___ Data shown ___
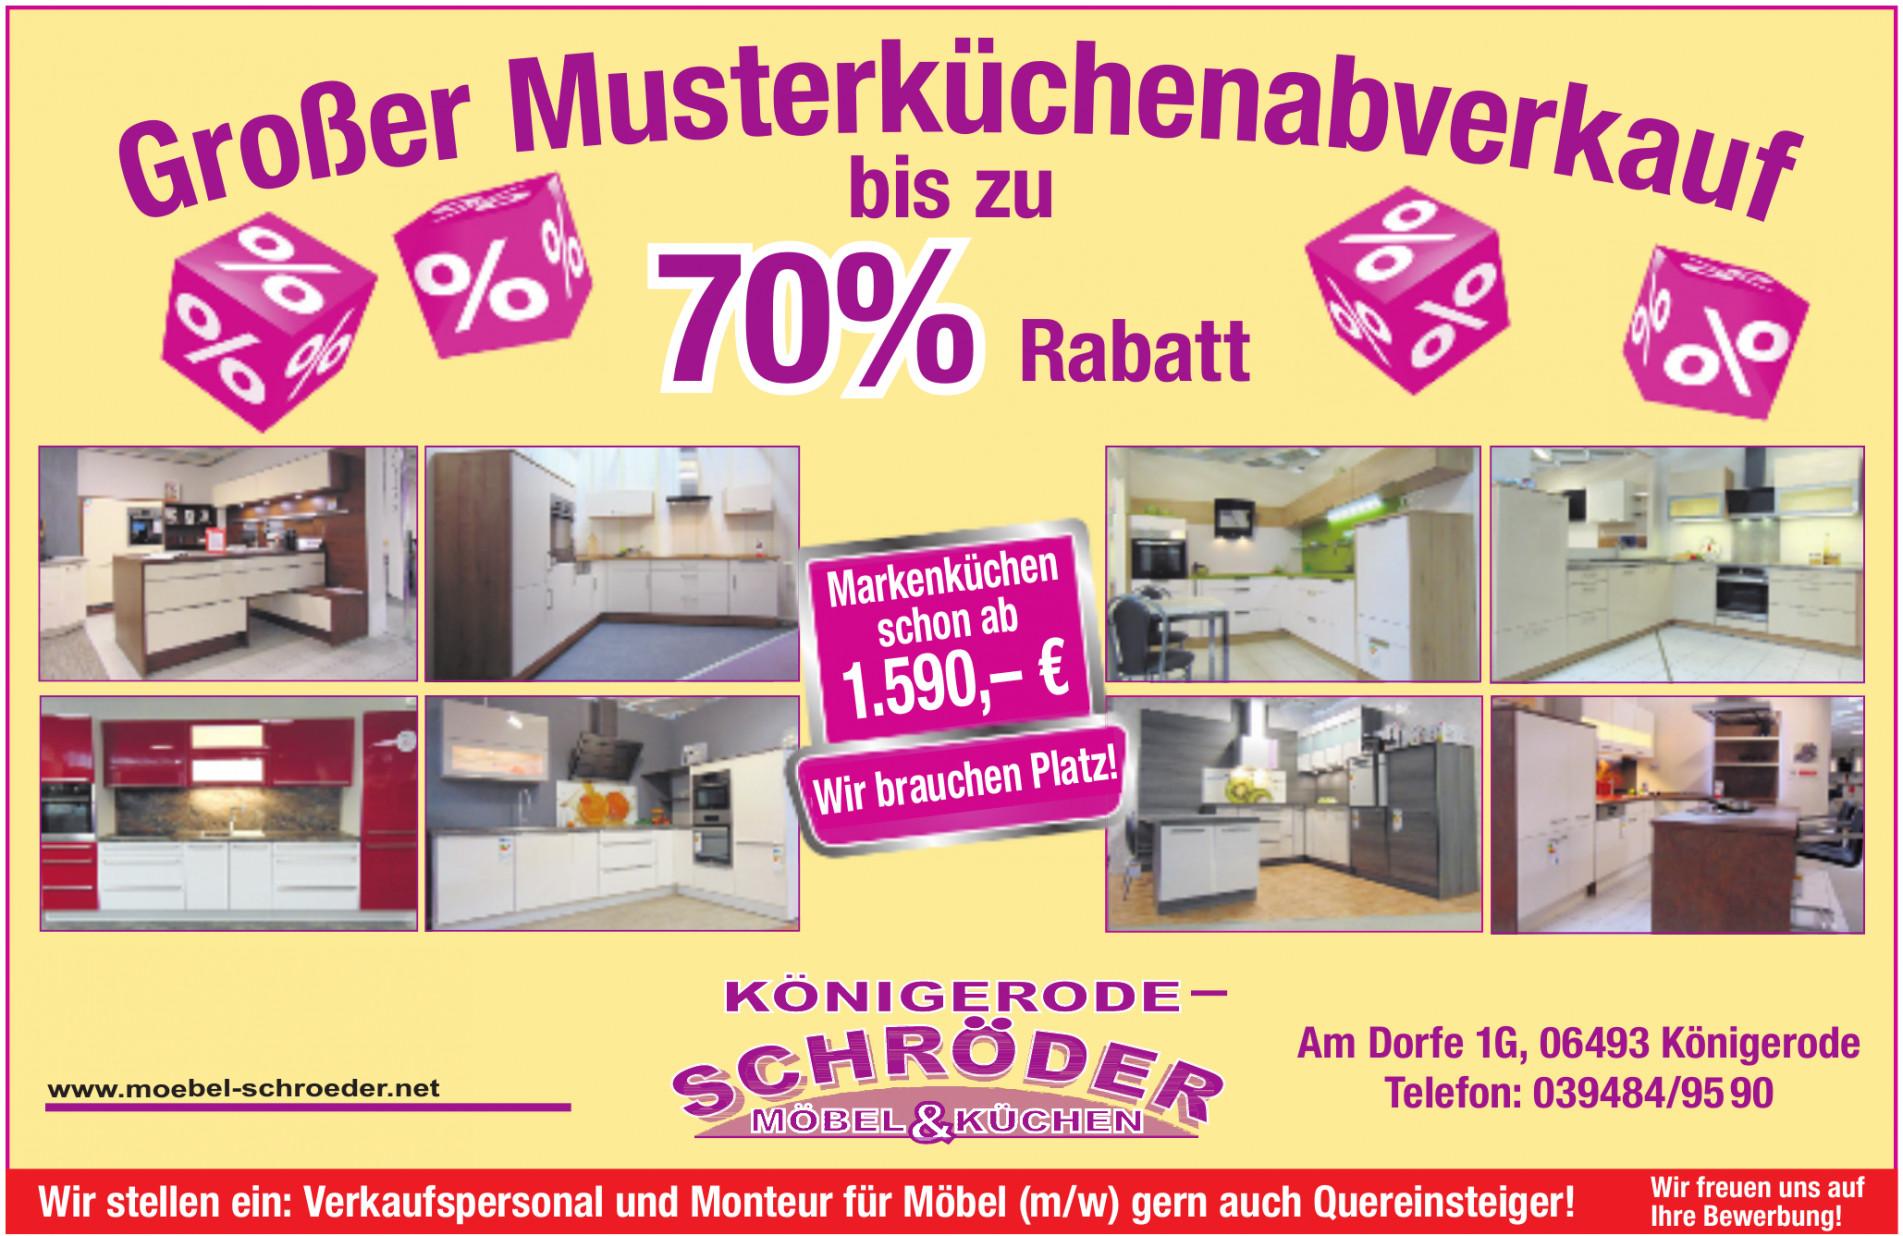 Königerode Schröder Möbel Küchen Unternehmensprofil
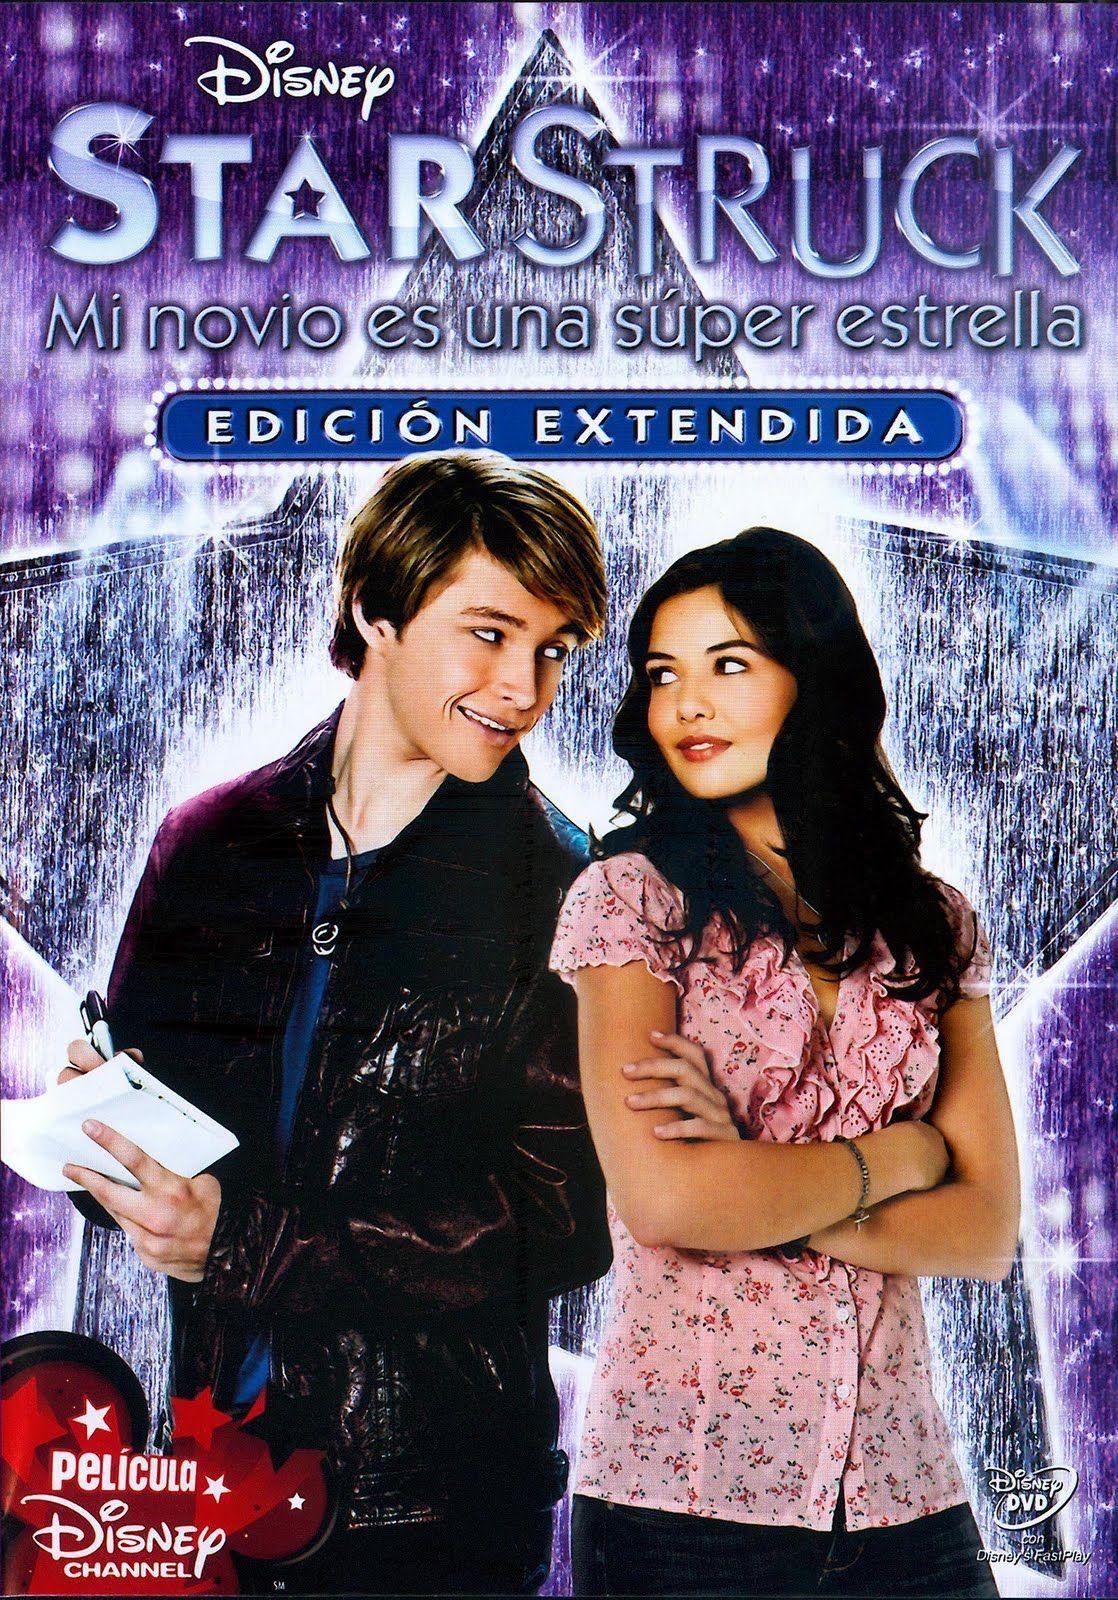 Starstruck Es Una Pelicula Juvenil Estadounidense Protagonizada Por Sterling Peliculas Juveniles Romanticas Pelicula Disney Channel Peliculas Viejas De Disney
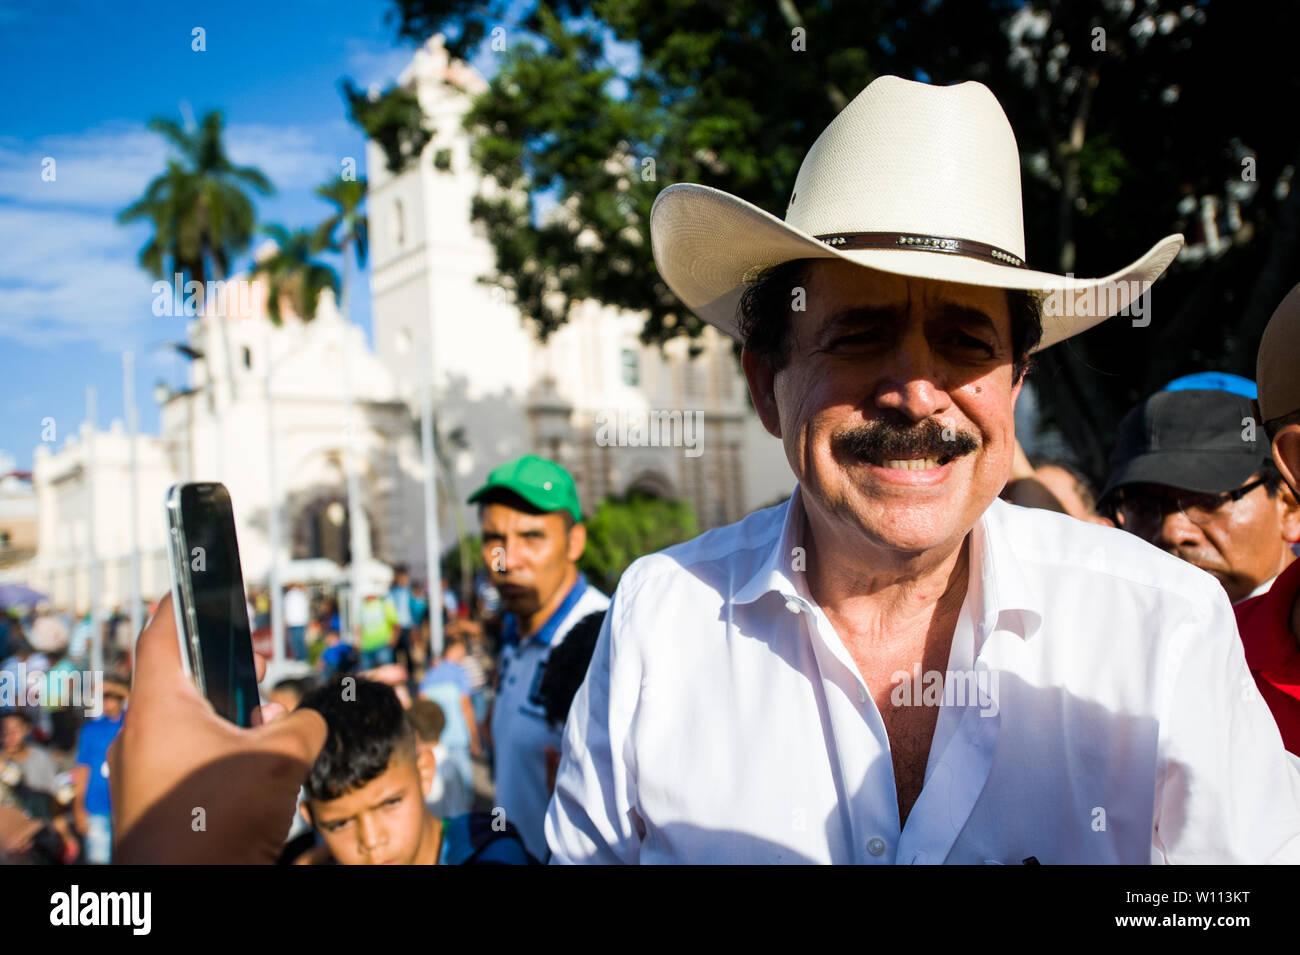 Tegucigalpa, Honduras. Il 29 giugno, 2019. Forme Honduras presidente Manuel Zelaya prende parte ad un concerto per celebrare i dieci anni di anniversario di colpo di credito: Camilo Freedman/ZUMA filo/Alamy Live News Foto Stock
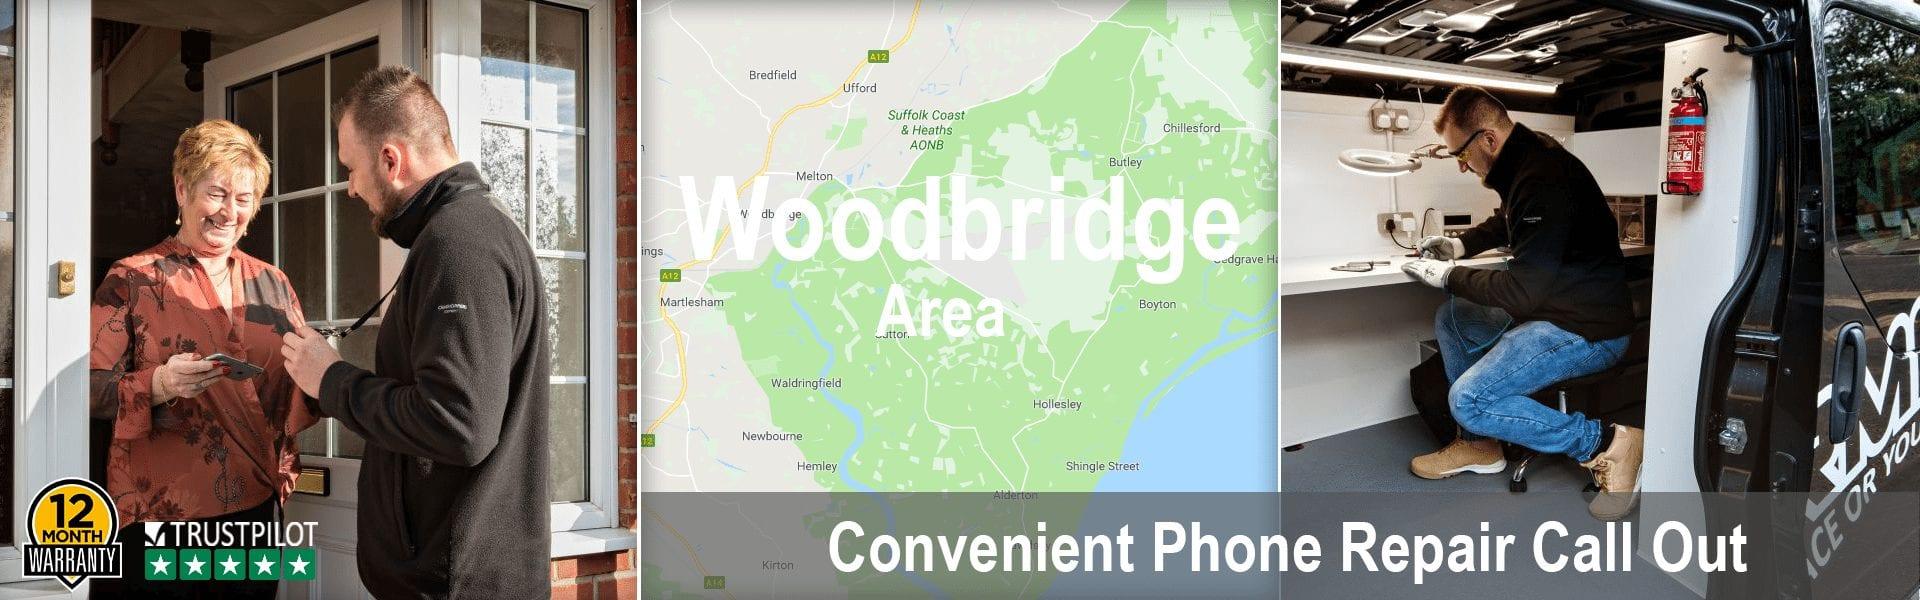 Woodbridge phone repair by ArmaFone header image
___
How to complete this task
Your job is to reproduce the material exactly. Keep pictures out of it.

Response for this exercise
 Königerode Schröder Möbel Küchen Unternehmensprofil
 Starstruck Es Una Pelicula Juvenil Estadounidense Protagonizada Por Sterling Peliculas Juveniles Romanticas Pelicula Disney Channel Peliculas Viejas De Disney
 Tegucigalpa, Honduras. Il 29 giugno, 2019. Forme Honduras presidente Manuel Zelaya prende parte ad un concerto per celebrare i dieci anni di anniversario di colpo di credito: Camilo Freedman/ZUMA filo/Alamy Live News Foto Stock
 Woodbridge phone repair by ArmaFone header image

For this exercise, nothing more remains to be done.